The novel-reader who becomes furious with someone for letting him into the secret of the end of the story is of the same mind as Democritus. "Go thy way," he says in effect, "thou hast done me wrong." The child protests in the same way to a too-informative elder: "You weren't to tell me!" He would like to wander in the garden paths of curiosity. He has no wish to be led off hurriedly into the schoolroom of knowledge. He instinctively loves to guess. He loves at least to guess at one moment and to be told the next.

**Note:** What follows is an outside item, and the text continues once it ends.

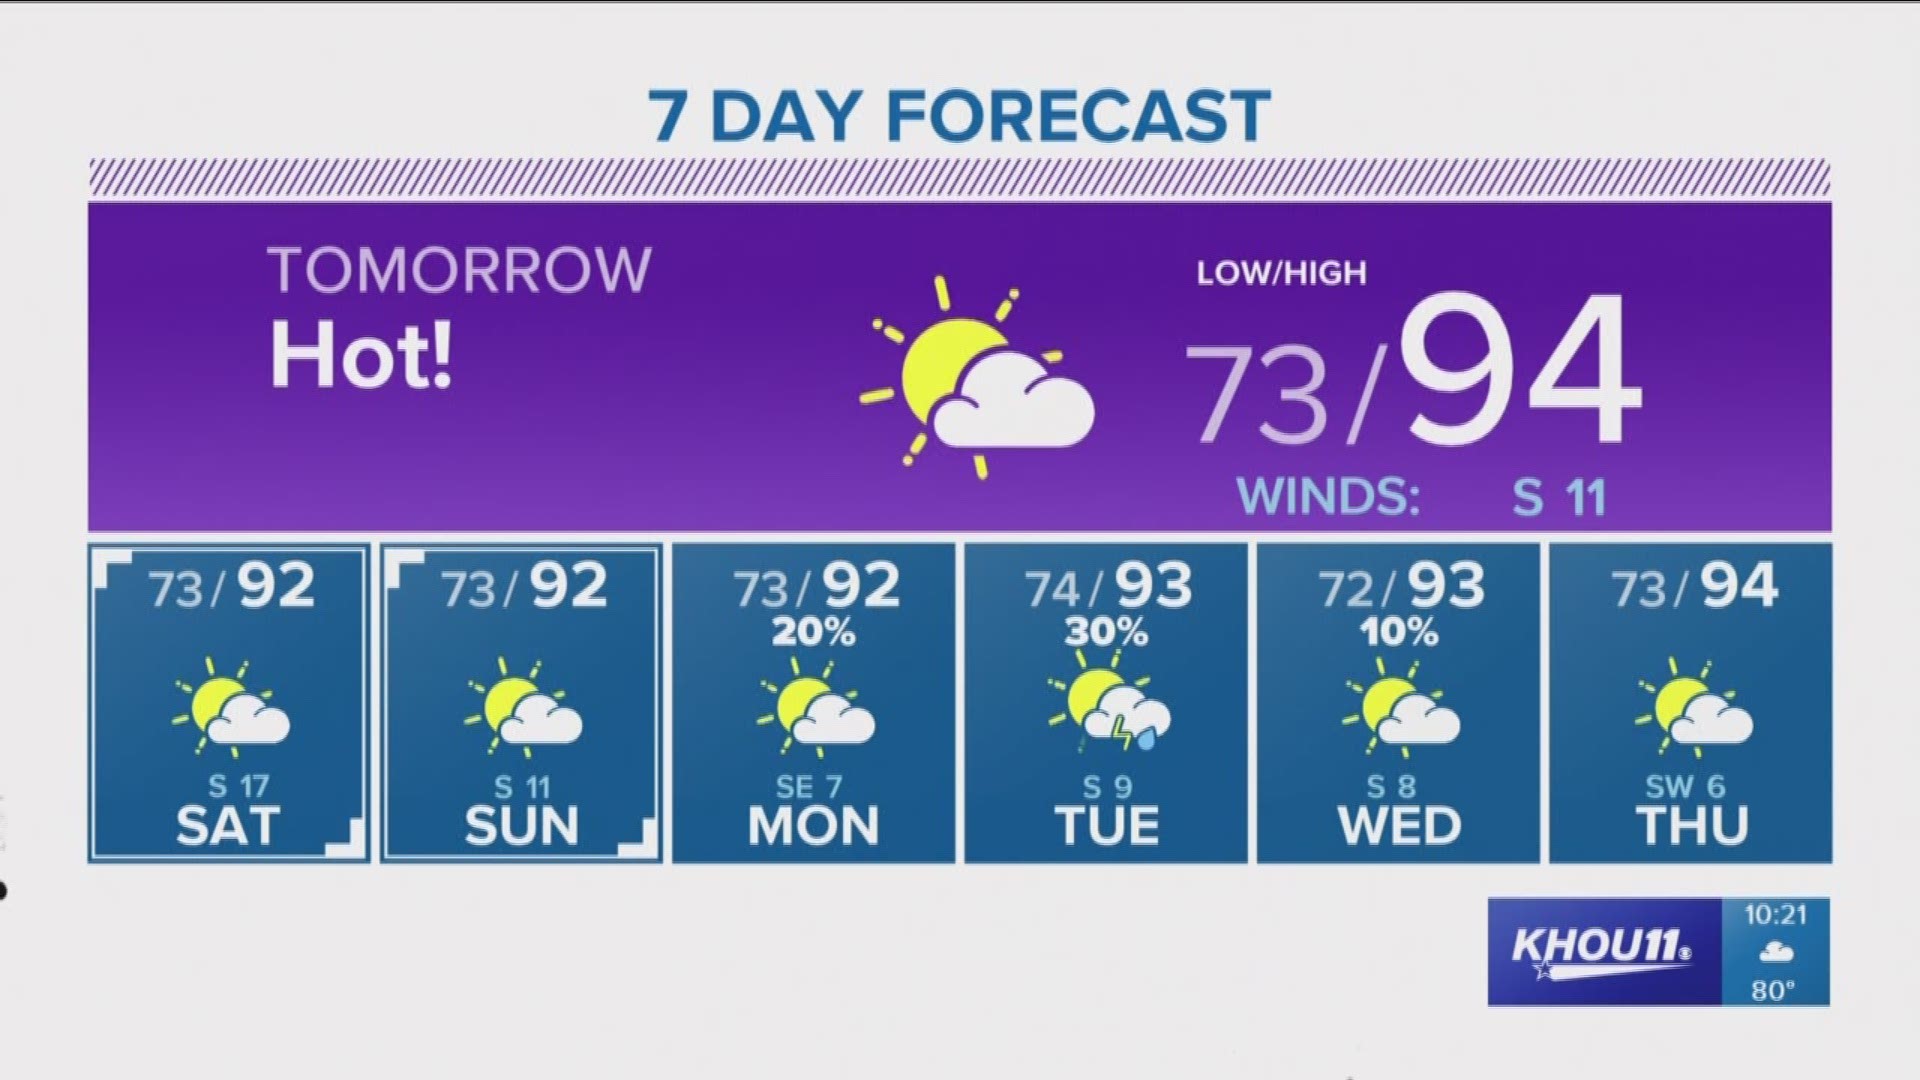 Houston forecast update with David Paul at 10 p.m.
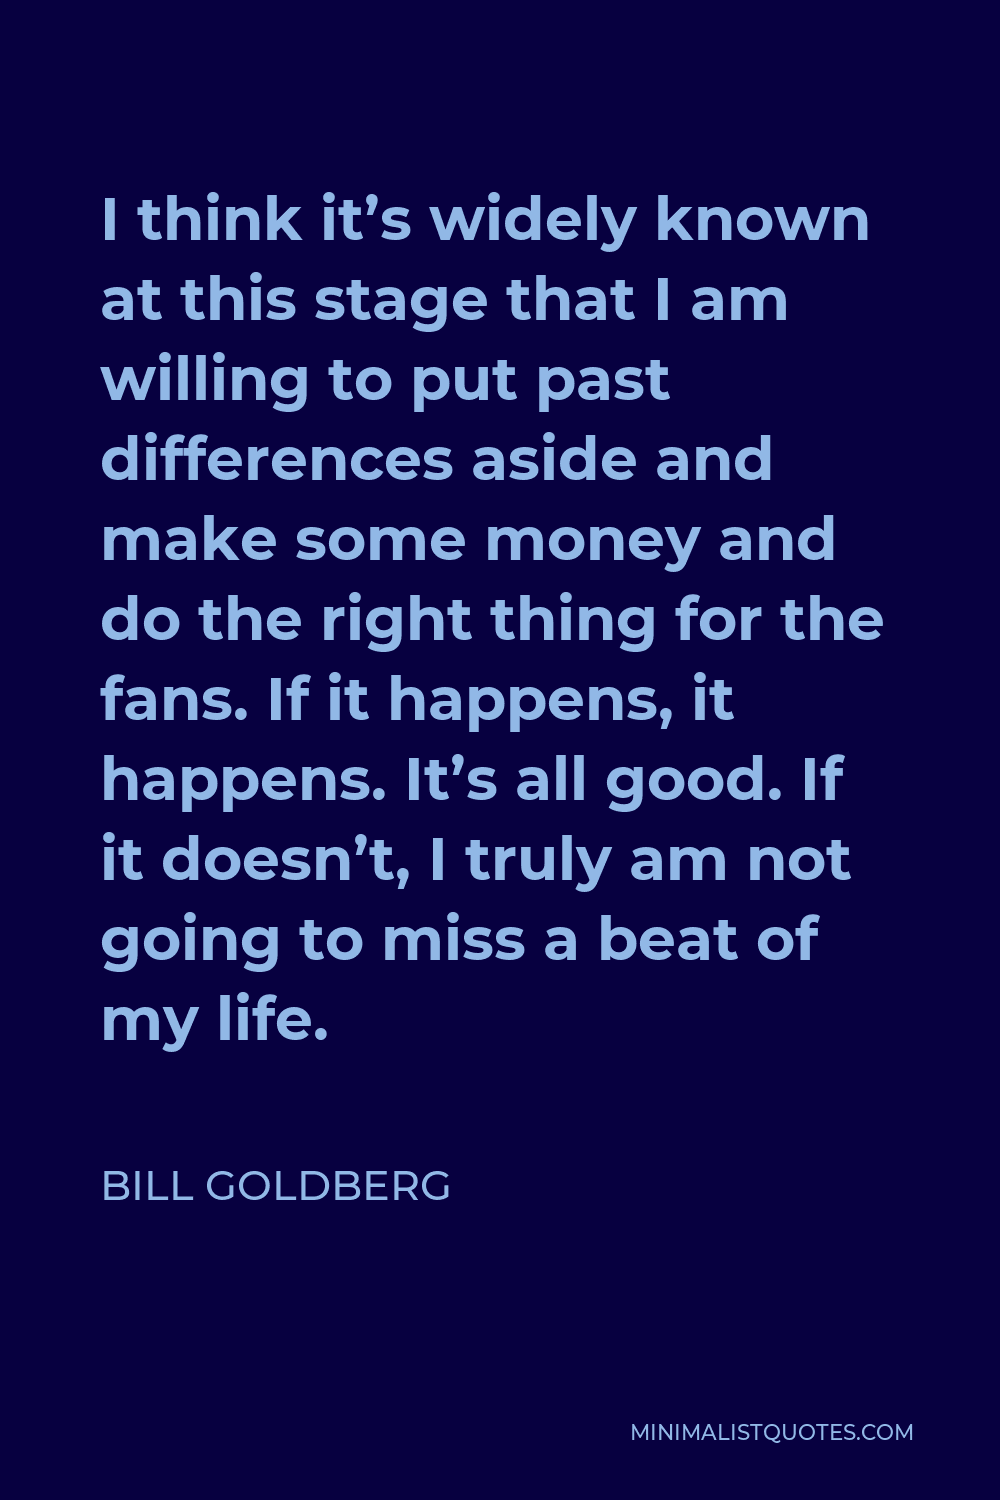 Bill Goldberg Quote - I think it’s widely known at this stage that I am willing to put past differences aside and make some money and do the right thing for the fans. If it happens, it happens. It’s all good. If it doesn’t, I truly am not going to miss a beat of my life.

The greater part of human curiosity has as little to be said for it--or against it--as a child's whim. It is an affair of the senses, and an extraordinarily innocent one. It is a vanity of the eye or ear. It is another form of the hatred of being left out. So many human beings do not like to miss things. We saw during Saturday's aeroplane raid how far men and women will go rather than miss things. Thousands of Londoners stood in the streets and at their windows and gazed at what seemed to be the approach of one of the plagues of Egypt. No plague of locusts ever came out of the sky with a greater air of the will to destruction. It was as though the eastern sky were hung with these monstrous insects, leisurely hovering over a people they meant to destroy. They had the cupidity of hawks at one moment. At another they had the innocence of a school of little fishes. Shell-smoke opened out among them like a sponge thrown into the water. It swelled into larger clouds monstrous in shape as the things doctors preserve in bottles. But the plague did not rest. One saw a little black aeroplane hurry across them, a mere water beetle of a thing, and one wondered if a collision would send one of them to earth with broken wings. But one did not really know whether this was the manoeuvre of an enemy or the daring of a friend. There was never a more astonishing spectacle. A desperate battle in the air would have been less of a surprise. But that there should have been nobody to interfere with them! ... Yes, it was certainly a curious sight, and London was justified in putting its head out of its house, like a tortoise under its shell, till the bombs began to fall. Still, the more often they come the less curious we shall be about them. A few years ago we gladly paid five shillings for the pleasure of seeing an aeroplane float round a big field. There is a limit, however, to our curiosity even about German aeroplanes. Speaking for myself, I may say my curiosity is satisfied. I do not care if they never come again.